Min 8+ Years exp is required ( FullStack + Ai)
Design and develop Agentic AI systems capable of reasoning, planning, and executing complex workflows using Large Language Models.
- Build AI-powered services using LLM APIs such as OpenAI, Azure OpenAI Service, or other foundation model providers.
- Develop and orchestrate AI agents using frameworks such as LangChain, LangGraph, and LlamaIndex.
- Design and implement multi-agent systems, including agent collaboration, task decomposition, and tool usage.
- Build Retrieval-Augmented Generation (RAG) pipelines integrating enterprise knowledge sources.
- Integrate vector databases such as PgVector, Pinecone, Weaviate, or Milvus to enable semantic search and knowledge retrieval.
- Build scalable backend services using Java (Spring Boot / Netflix DGS) for enterprise integrations and high-throughput APIs.
- Write Python services using Object-Oriented design principles to support LLM orchestration, prompt engineering, and agent execution.
- Develop AI microservices using FastAPI to expose agent capabilities and LLM-powered workflows.
- Integrate AI agents with enterprise systems via REST APIs, event streams, and databases.
- Design and implement tool integrations enabling AI agents to interact with internal services, APIs, and automation workflows.

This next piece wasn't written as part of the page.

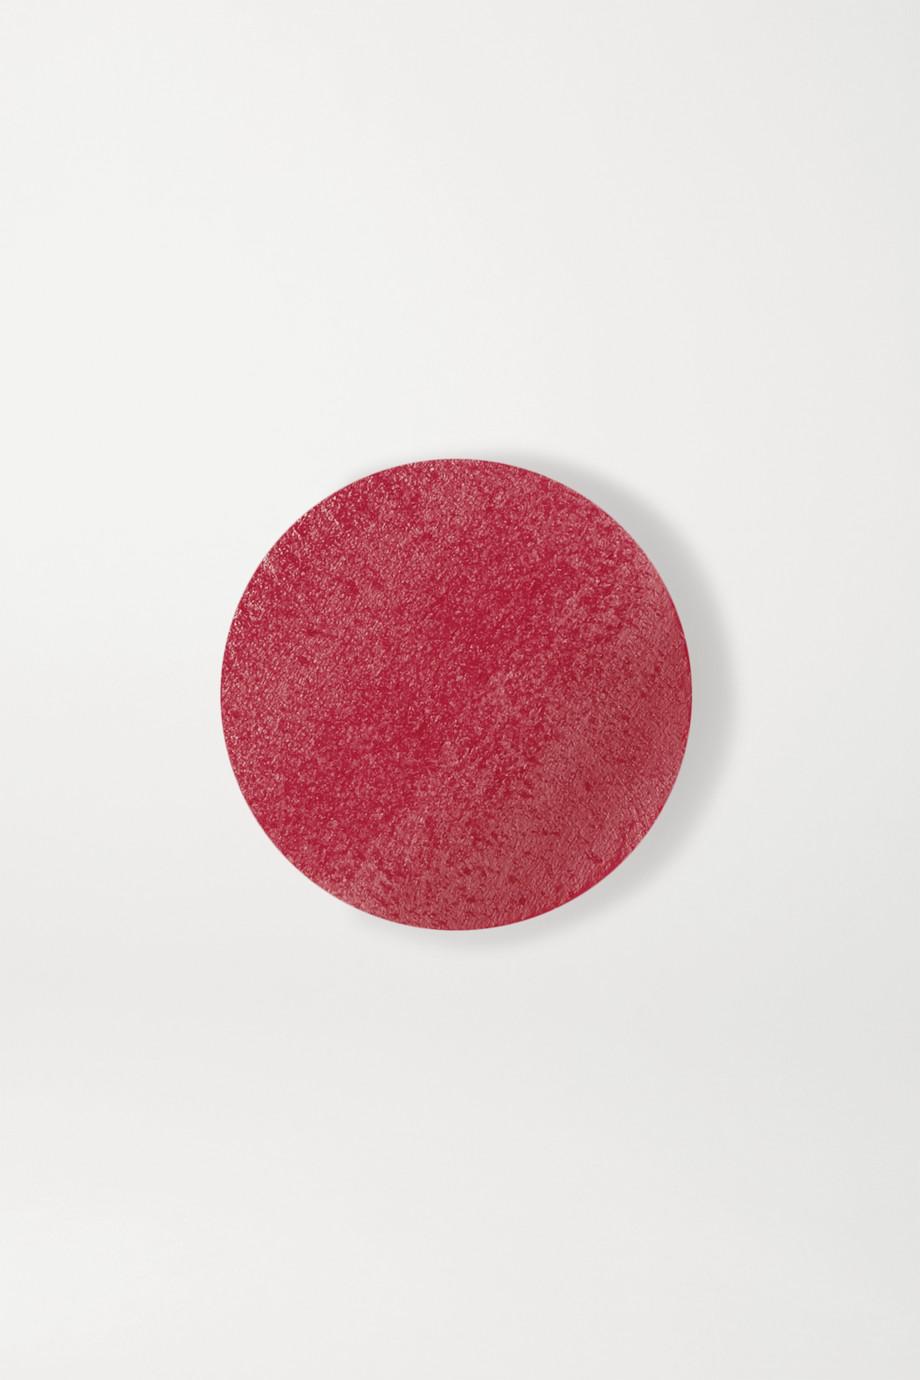 La Bouche Rouge Satin Lipstick Refill - Burgundy

- Implement memory architectures for AI agents including short-term memory, long-term knowledge retrieval, and context management.
- Design observability, monitoring, and evaluation frameworks to measure LLM performance, agent behaviour, hallucination rates, and task success.
- Optimize prompt engineering, model selection, token usage, latency, and cost efficiency.
- Build guardrails and safety mechanisms for reliable AI system behaviour.
- Design, develop, and deploy AI services on Microsoft Azure, leveraging services such as Azure OpenAI, Azure Functions, Azure Kubernetes Service (AKS), and related cloud services.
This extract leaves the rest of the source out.